My heart… simply is my heart. I know, dearly so, what he means to me, to our family, and in that comes an understanding which no one else has. The words mean more than I can possibly explain… But they do and for that I am eternally grateful…
A Dog’s Tale
Pumpkin the Dog lived in a house next to a koi pond where she took care of her mom and dad. It was a big job, because they had a big house, and mom and dad, while they seemed nice enough, were humans—these are a breed of dog who make funny sounds for communication and walk on their hind legs and wear more clothes than anybody should have to. These humans . . . well, they seem to be good at getting food and opening doors, but Pumpkin—that was the name that her mom and dad gave her, because she was orange, they said, even though she couldn’t tell colors too well, but she hoped that “Pumpkin” was just human talk for “Fierce Super-Destroyer,” which she knew was her real name—oh, but where was she? Oh, yeah: Pumpkin was in charge of patrolling and defending the house and fending off squirrels and playing with the birds, all the important stuff mom and dad were really hopeless at.

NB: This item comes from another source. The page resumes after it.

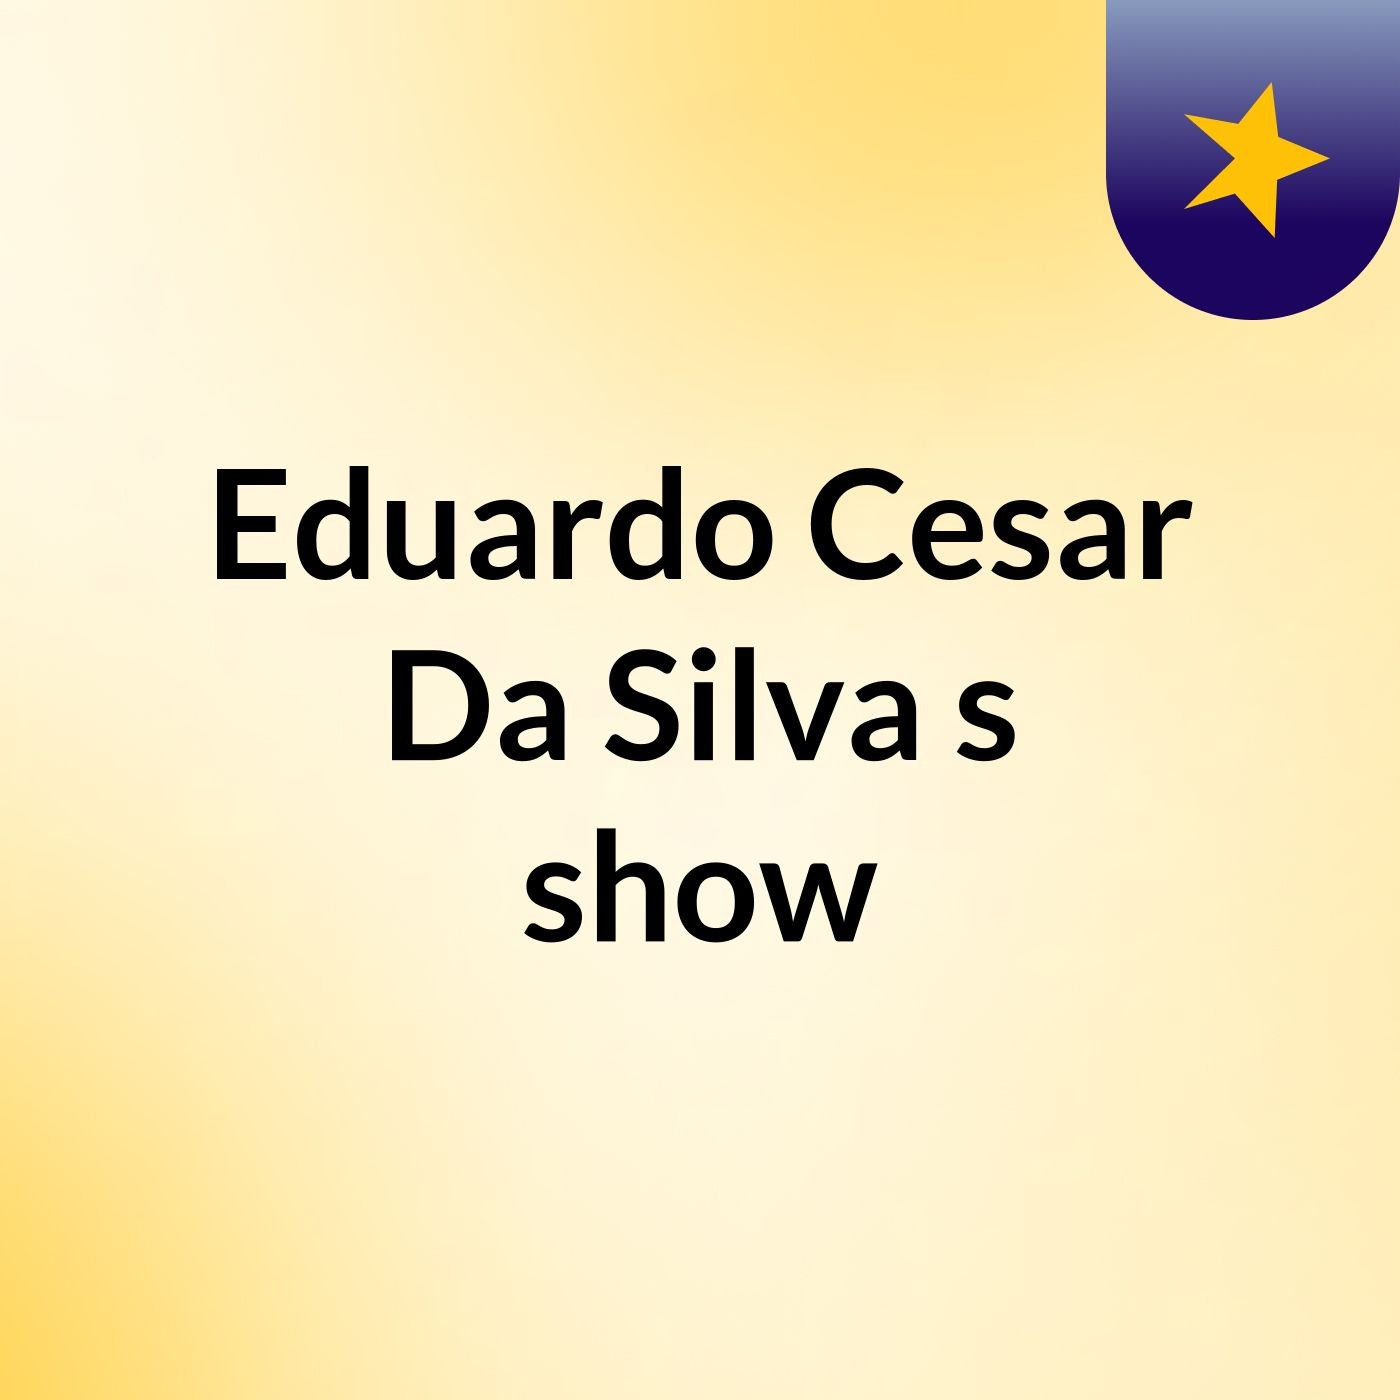 Eduardo Cesar Da Silva's show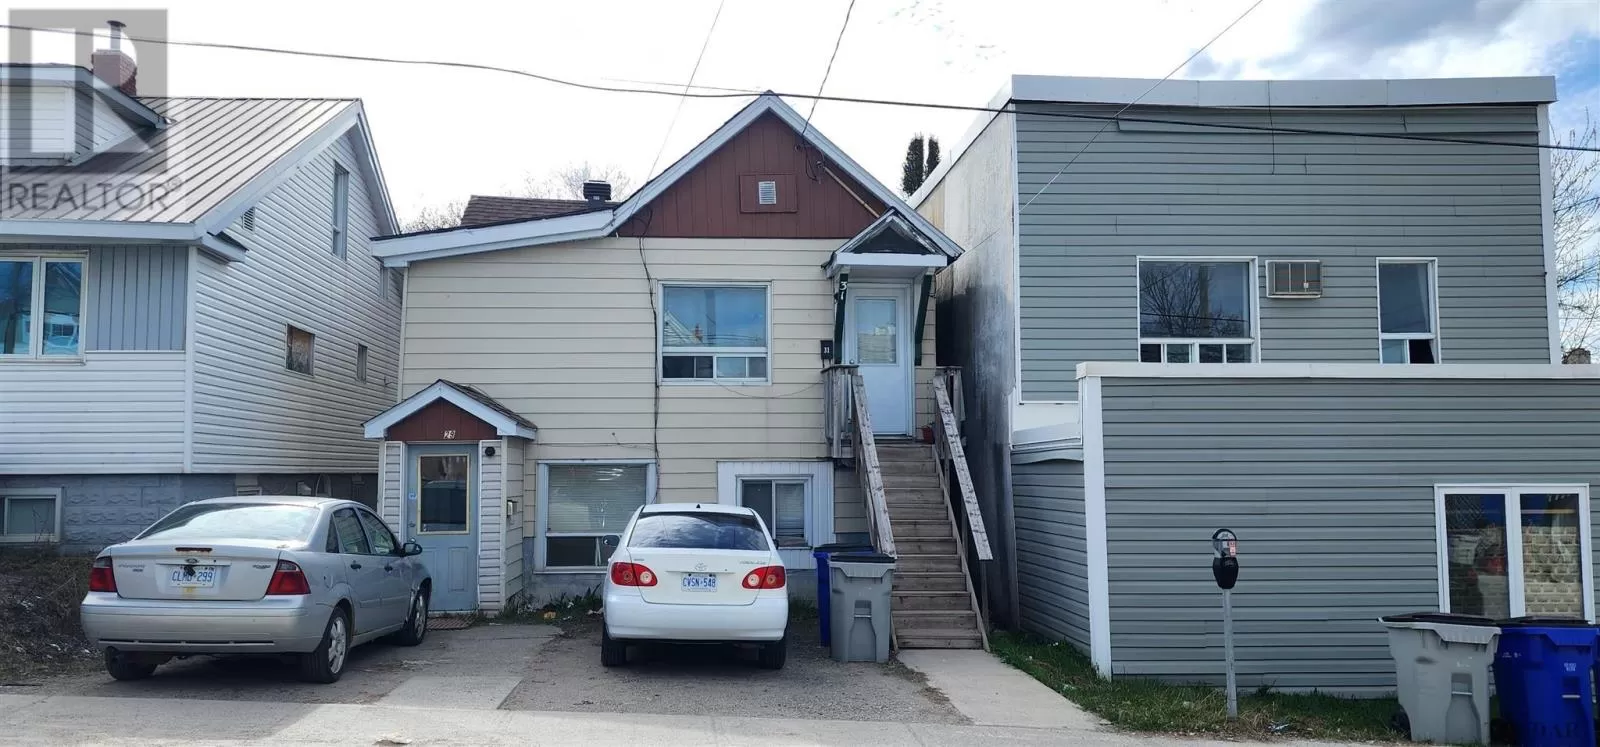 Duplex for rent: 29-31 Birch St N, Timmins, Ontario P4N 6C8

Over on the other side of her koi pond there was another house with another dog, named “Britty”—which seemed to be human for Runs-Like-the-Wind-and-Finds-Stuff—who also had a mom and dad to look after. They were nice enough, and they had neat eyes, both of them, and they seemed slightly more aware of things than the orange dog’s dad and mom, at least sometimes, and she was almost sure that she saw them with tails once or twice. But she never saw those tails wag . . . pity.
Britty was kind of shy. Now, she was really good at scaring the bejeebers out of the squirrels, which Pumpkin thought was way cool, and she even kept all the birds in line . . . maybe even the fish in the koi pond, which impressed her short-haired, orange neighbor. But still, Pumpkin noticed that her neighbor dog was very nervous, especially at first.
You see, while Ms. Super-Destroyer knew the squirrels were dreaded enemies, she really tried hard to play with the chipmunks, birds, rabbits, and others in her domain, Runs-Like-the-Wind was different. When they first met, oh-so-long ago, Pumpkin went running over, ready to play. Her mom and dad played all the time. Britty’s mom and dad played all the time. But Britty would get nervous, tell the orange bundle of crazy from the other side of the pond to back off.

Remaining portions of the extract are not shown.